Von Handarbeit zu Kopfarbeit

Eine fundamentale Veränderung unserer Arbeitswelt begünstigt den Einsatz agiler Methoden: Die Verlagerung der Wertschöpfung von der Hand- zur Kopfarbeit. Individuelle Fähigkeiten und gutes Zusammenarbeiten im „Netzwerk“ des Unternehmens werden wichtiger.

Wie werden Unternehmen agil? Kleine Schritte gehen

Die genaue Ausgestaltung im Unternehmen bleibt jedoch ein Spannungsfeld. Einen Königsweg oder die beste Empfehlung gibt es nicht. Stets sollte über Pilotprojekte gestartet werden in dann in der Art eines Zwiebelschalenmodells zunächst im direkten Umfeld weitergearbeitet werden. Zum Beispiel beginnt ein Entwicklungsteam, im Anschluss bezieht das Unternehmen die IT-Abteilung ein, später ein Serviceteam, das ergänzende Dienstleistungen bereitstellt. Eine Alternative könnte das Vorgehen nach agilen Reifegraden sein. Dazu beginnt das Team, das bereits mit agilen Methoden Erfahrung gesammelt hat oder besonders affin ist, z.B. das IT-Anwendungsentwicklungsteam.
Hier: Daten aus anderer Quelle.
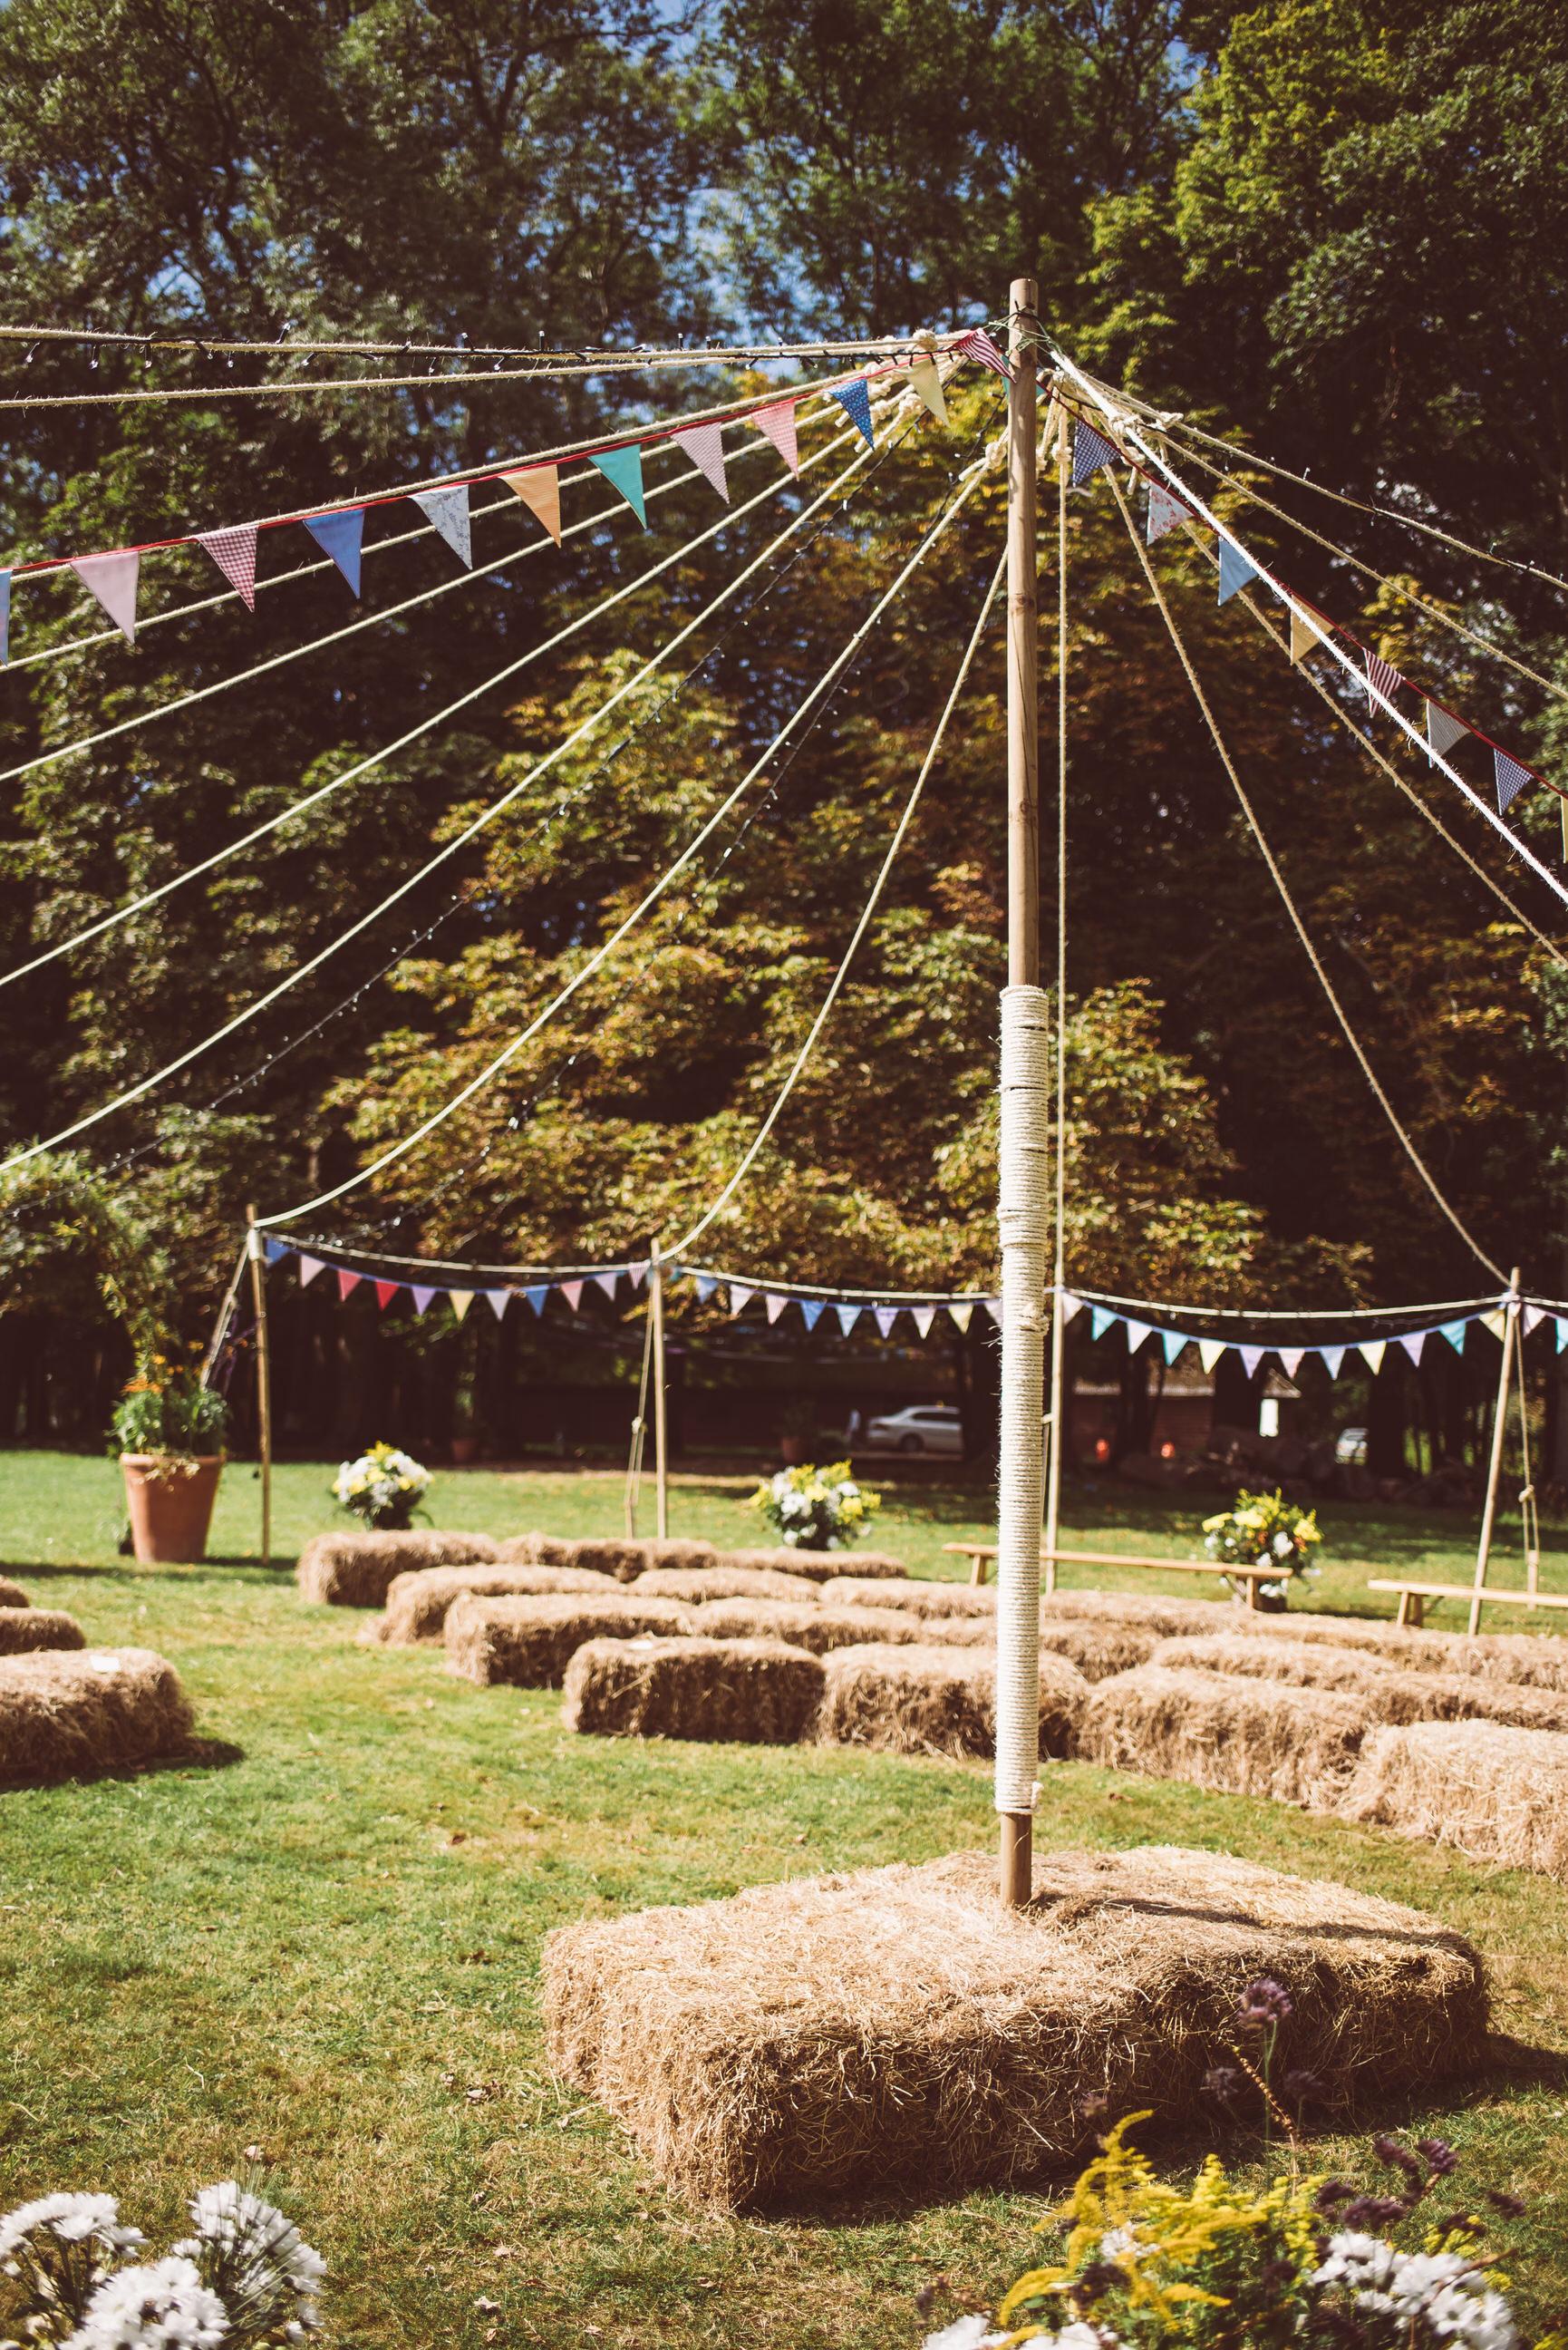 knepp-castle-boho-outdoor-wedding-11.jpg

Agile Arbeitsweisen: Auslöser für die Einführung

Im Wesentlichen gibt es drei Trigger für die Einführung agiler Arbeitsweisen in Unternehmen.

1.      Schnelles Wachstum

Unternehmen wachsen. Zuerst sind kleine Teile da, sie werden organisiert, es wird zusammengefügt, wächst weiter und schließlich entsteht kein Wolkenkratzer, sondern ein Kompromiss. Um sich selbst nicht zu blockieren oder wertvolle Ressourcen im Overhead zu binden, setzen solche Unternehmen auf eigenständige Teams und mehr Autonomie.

2.      Intensiver Wettbewerb

Eine veränderte Wettbewerbssituation, neue Player am Markt, enger vernetze Lieferketten, anspruchsvollere Kunden und wachsender Preisdruck sind Gründe, die Effizienz zu steigern, Lieferzeiten zu verkürzen und Prozesse zu beschleunigen.

3.      Führung und Leadership

Menschen gestalten Prozesse, Gruppen entscheiden, Mitarbeitende sprechen mit Kunden. Sie sollen befähigt werden, schneller zu reagieren, ohne lange Rücksprachen in hierarchischen Gebilden halten zu müssen. Das beschleunigt Entscheidungen und fördert autonomes Arbeiten. Agiles Arbeiten im Unternehmen ist betriebliche Notwendigkeit und eine Personalentwicklungsmaßnahme in einem. Kennzeichen der Agilität ist das Mindset, nicht die Wahl der Methoden. Drei Elemente machen den Erfolg agiler Teams aus: Transparenz, Vertrauen und iterative Führung. So gibt es meist parallele Führung: Der Teamcoach neben dem Leadership Team.

Agilität und Digitale Transformation sind eng miteinander verbunden

Wie sich Unternehmen mithilfe der Einführung agiler Methoden erfolgreich an veränderte Rahmenbedingungen angepasst haben, zeigen die folgenden Praxisbeispiele.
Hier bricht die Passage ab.